-
-
Notifications
You must be signed in to change notification settings - Fork 14
Description
Hi, I ran into a pretty serious issue where having this custom node installed was causing massive memory and inference startup problems throughout my entire ComfyUI setup, even for workflows that don't use any MiniCPM nodes at all.
After installing, every mode started exhibiting weird behavior:
- 1~3 minutes "compilation" time on first load for every model (including VAE, diffusion, clip etc.)
- A 6GB SDXL model was consuming 96GB VRAM and ~100GB system RAM
- This happened even in workflows with zero MiniCPM nodes
The issue seems to be in both AILab_MiniCPM.py and AILab_MiniCPM_GGUF.py around lines 21-28 and 31-38 respectively. These files set global PyTorch configurations that affect the entire ComfyUI backend:
if torch.cuda.is_available():
torch.backends.cudnn.benchmark = True
if hasattr(torch.backends, 'cuda'):
if hasattr(torch.backends.cuda, 'matmul'):
torch.backends.cuda.matmul.allow_tf32 = True
if hasattr(torch.backends.cuda, 'allow_tf32'):
torch.backends.cuda.allow_tf32 = True
os.environ["PYTORCH_CUDA_ALLOC_CONF"] = "max_split_size_mb:128"
Simply commenting out those lines seems to resolve the issue.
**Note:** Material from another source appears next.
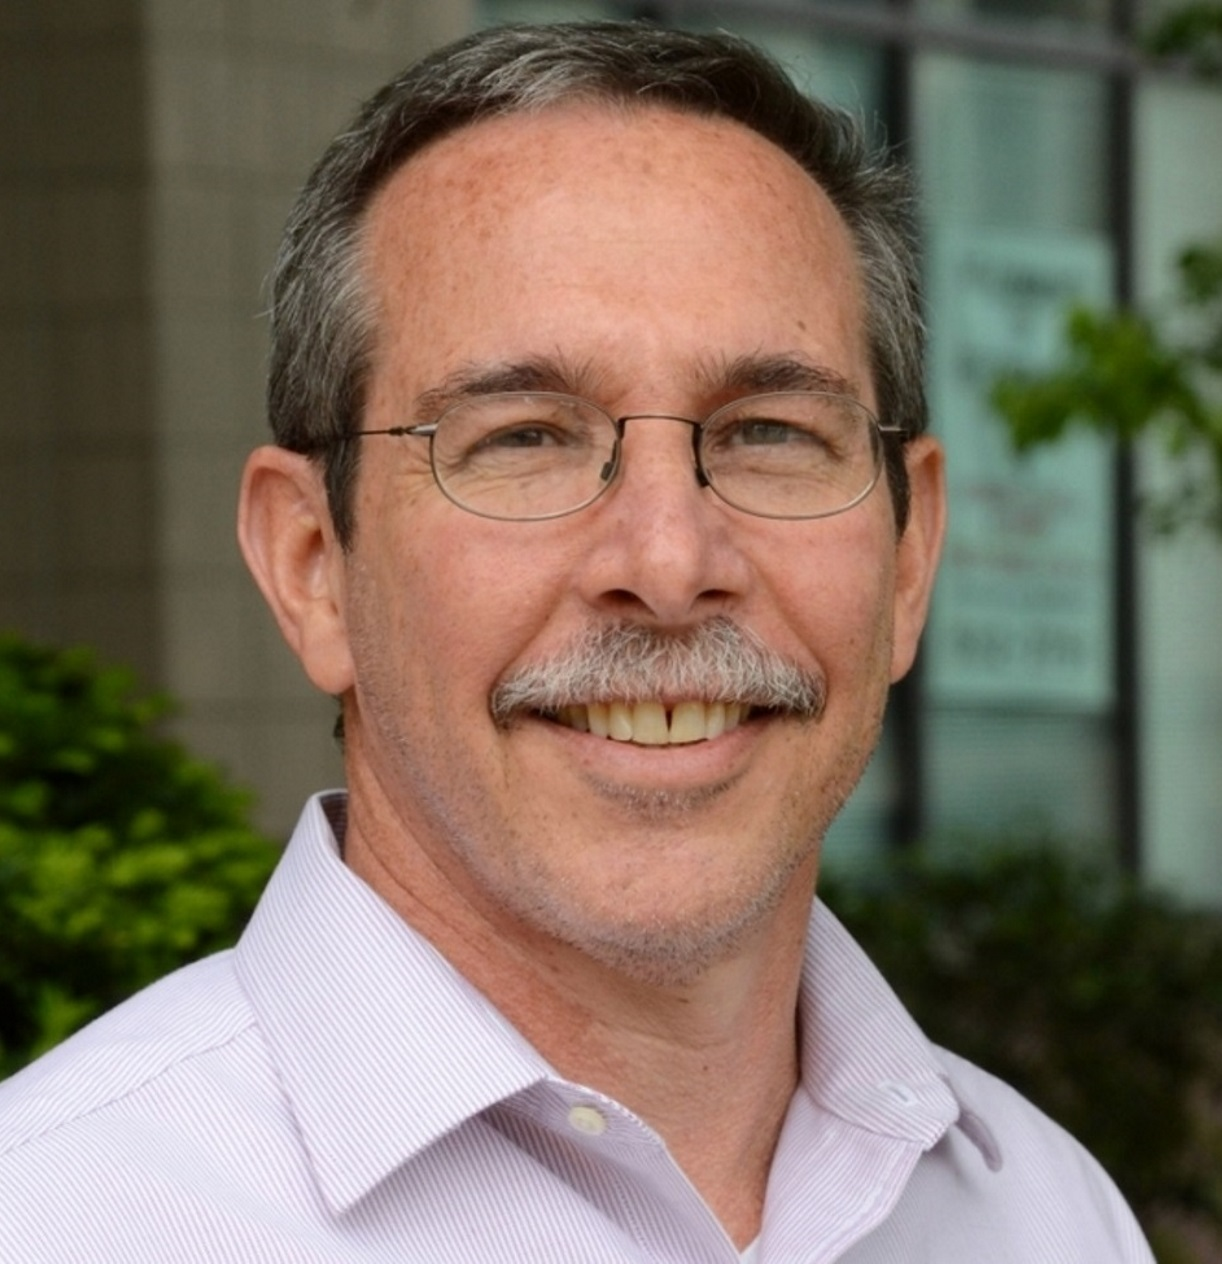 Dr. Boris Birmaher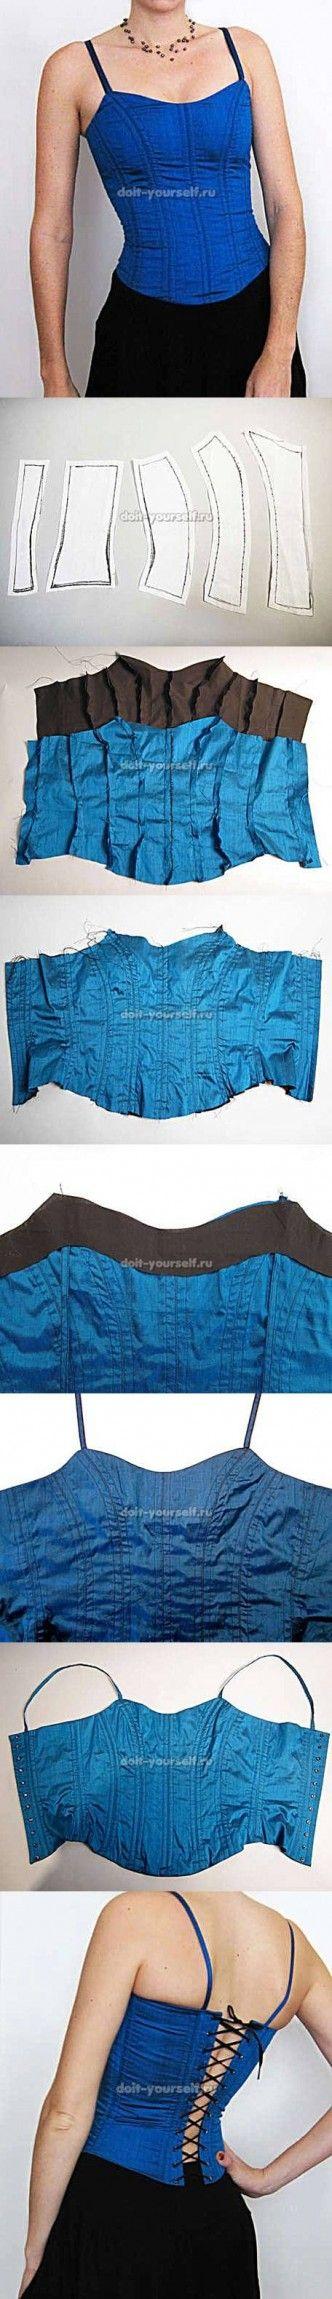 DIY Stylish Corset DIY Projects

MiniCPM performance remains the same, but ComfyUI memory usage returns to normal levels, and there's no more startup delay.
Thanks for the great work on this node otherwise.
On these settings, per Claude (might be inaccuracies):
torch.backends.cudnn.benchmark = True
- Purpose: Enables cuDNN's auto-tuning to find the fastest convolution algorithms
- When it helps: For models with fixed input sizes doing many repeated inferences
- Why it was problematic: ComfyUI workflows have variable input sizes (different image resolutions, batch sizes), so the auto-tuning becomes counterproductive and causes compilation delays
torch.backends.cuda.matmul.allow_tf32 = True
- Purpose: Uses TensorFloat-32 (TF32) for matrix operations on Ampere+ GPUs for speed
- When it helps: Large matrix multiplications in transformers
- Why it was unnecessary: Modern PyTorch already enables TF32 by default on supported hardware
os.environ["PYTORCH_CUDA_ALLOC_CONF"] = "max_split_size_mb:128"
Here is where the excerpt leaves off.